Between the recent tragic passing of Aaron Swartz, and the increase in interest in mental health care following the Sandy Hook massacre, I’ve seen a lot of confusion and misunderstanding lately about the role of anti-depressant medication, and the increased risk of suicide and homicidal behavior. I want to set the record straight on this.
Anti-depressant medication, in particular SSRI’s like Prozac, Paxil, Zoloft, Effexor, etc., have been linked to an increased risk for suicidal behavior. But not for the reasons most people seem to think.
When someone is suffering from clinical depression, it causes a number of symptoms. One is the actual sadness from which the condition draws its name—depressed people frequently feel lonely, miserable, abandoned, and that life is not worth living. Another symptom of depression, though, is a lack of energy, and a lack of motivation. Many people with clinical depression are so depressed that it actually prevents suicide—because how can you go through all the motions of finding a way to kill yourself when you can’t even convince yourself to get out of bed in the morning?
For clinically depressed patients, SSRI’s frequently work on both of these different symptoms. But in a number of cases, the patient will see an improvement in one set of symptoms before the other. What this means is that every so often, you wind up with a patient who begins to recover from his lack of energy and lack of motivation, without immediately recovering from his feelings of sadness, loneliness, and the conviction that life is not worth living.

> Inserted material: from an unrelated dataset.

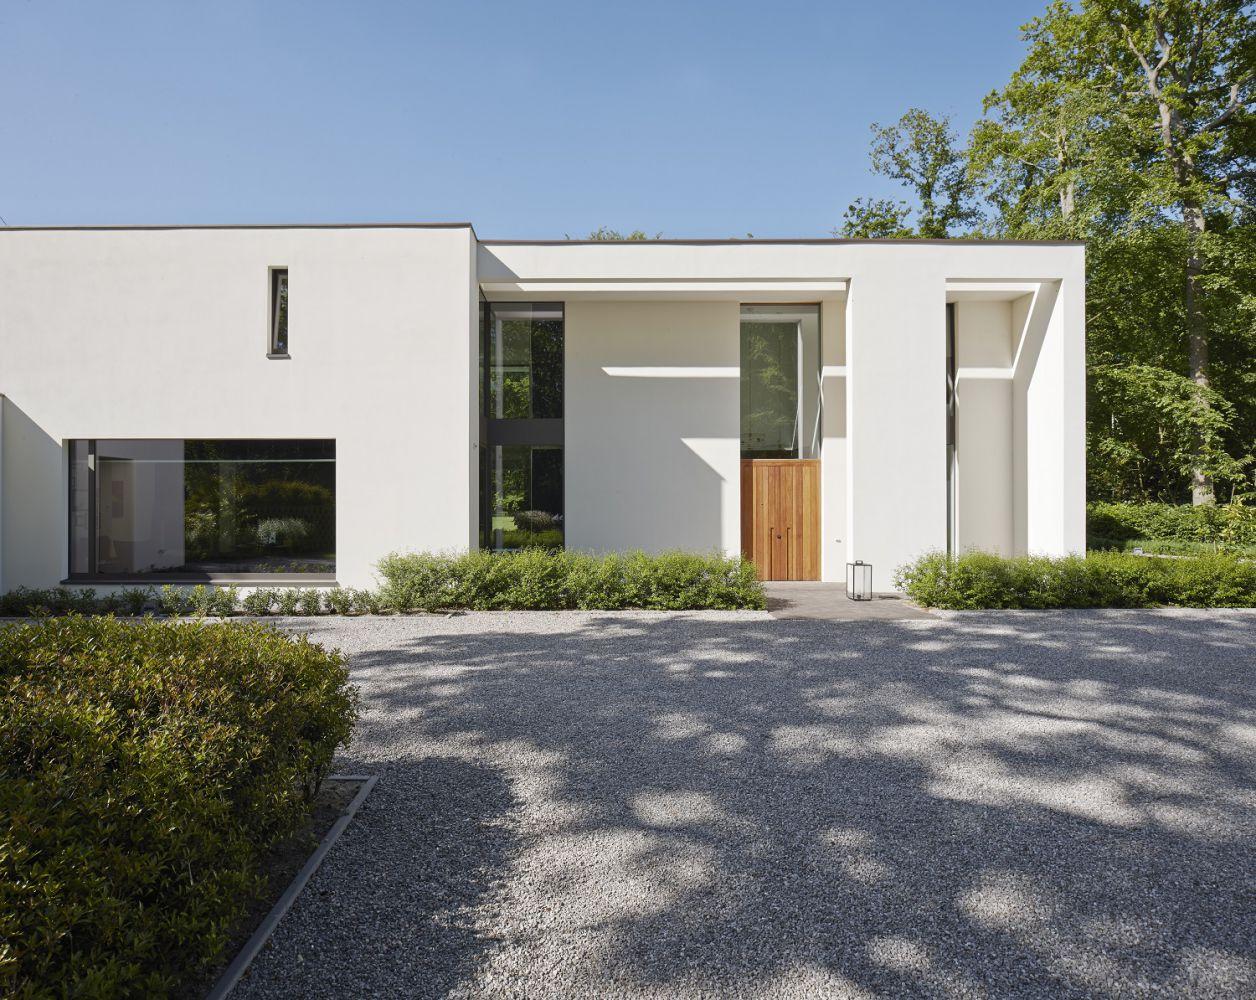 Architecture | Exclusive villa construction Vlassak Verhulst

The result: Someone who is still miserable, and still convinced that suicide is their only option—but who for a brief window, has the energy and conviction to do something about it. Suicide.

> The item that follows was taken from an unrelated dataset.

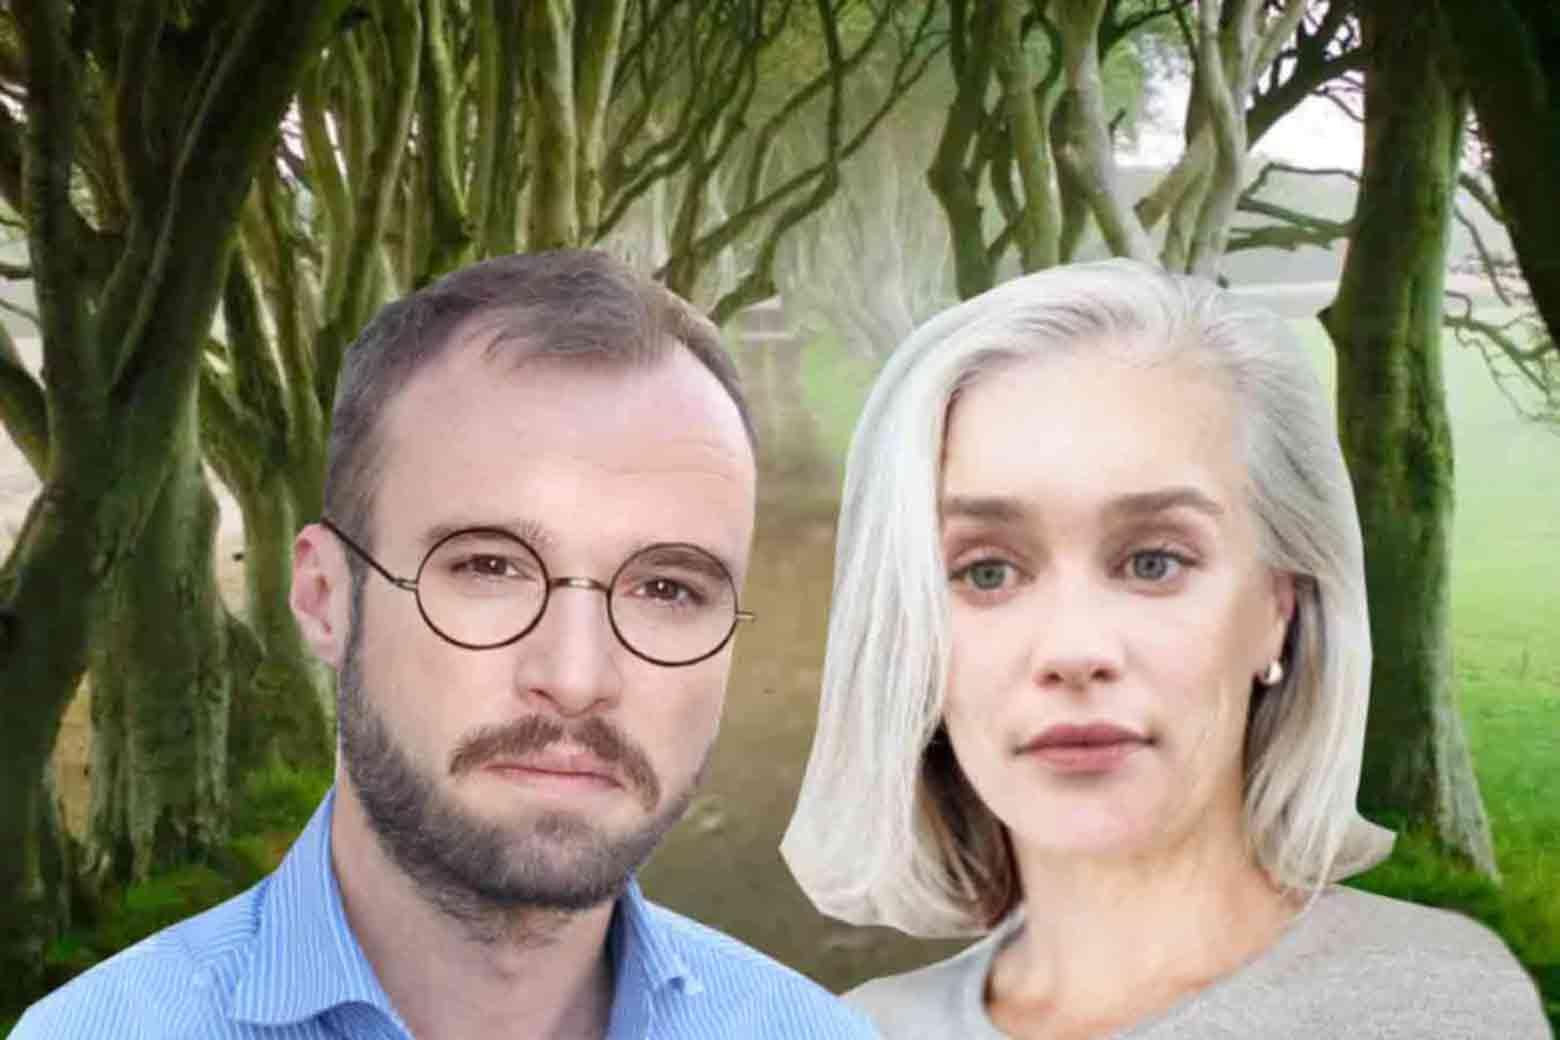 Photo illustration of Jon Snow and Daenerys Targaryen, Nineteen Years Later, maybe, probably.

This is not a signal that anti-depressant medication does not work.
In fact, it’s a signal that anti-depressant medication DOES work—it’s a sign that the patient is getting better. But taking anti-depressants is something that should not be done lightly, and should not be done without close, careful supervision from medical professionals and from loved ones who are AWARE OF THE POSSIBLE CHANGES IN BEHAVIOR that can result from taking anti-depressants.
I beg of you, do not jump on this as an opportunity to dismiss psychiatric medication as quackery, or “crazy pills,” or anything like that. By doing so, you contribute to the stigma of depression, and make it harder and harder for people who have psychiatric problems to seek the help they need.